Emilea Hillman of Independence is only 24 years old, but she is already an entrepreneur and owner of Em's Coffee Co., a caf where she employs six people. After spending months developing a business plan and navigating the challenges that face any new small business owner, she opened the shop in 2009. Em, who has an intellectual disability, uses various techniques to help her in remembering orders and now has a loyal customer base.

Ron Frank, the manager of the Walgreens in Cedar Rapids, described how his company has pioneered efforts for enhancing employment for youth and adults with disabilities. This local store has partnered with Goodwill of the Heartland to provide a job skills training program, allowing job seekers with disabilities to gain both classroom knowledge of the retail environment and skills necessary for hands-on experience in a retail setting.

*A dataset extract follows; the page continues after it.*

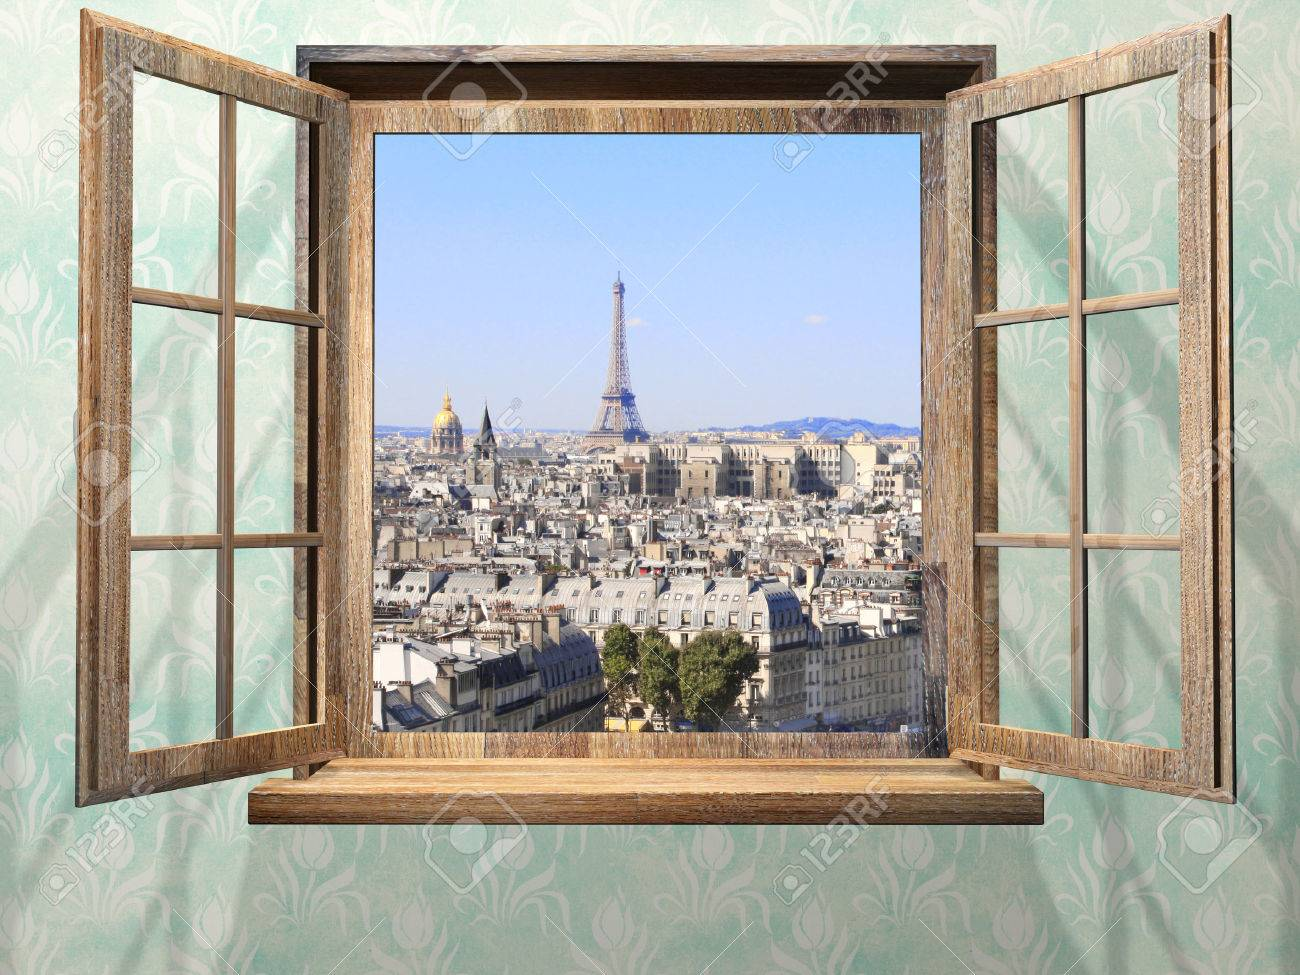 En haut Ouvert Fenêtre Et Vue Sur La Tour Eiffel En Bois, Paris. Banque D &XA_13

Last year, nearly 3 million Americans without disabilities joined the labor force, but over same period, 94,000 workers with disabilities left the labor force. In Iowa, even with our relatively low unemployment rate in comparison to the rest of the country, individuals with disabilities face barriers to finding jobs.

As the country celebrates the 22nd anniversary of the ADA this July 26th, I released a report that urges Congress, the Administration, the business community, and society at large to make the issue of disability employment a national priority.

Although the numbers highlighted in my report are sobering, I think that we are at a turning point for bringing more people with disabilities into the workforce.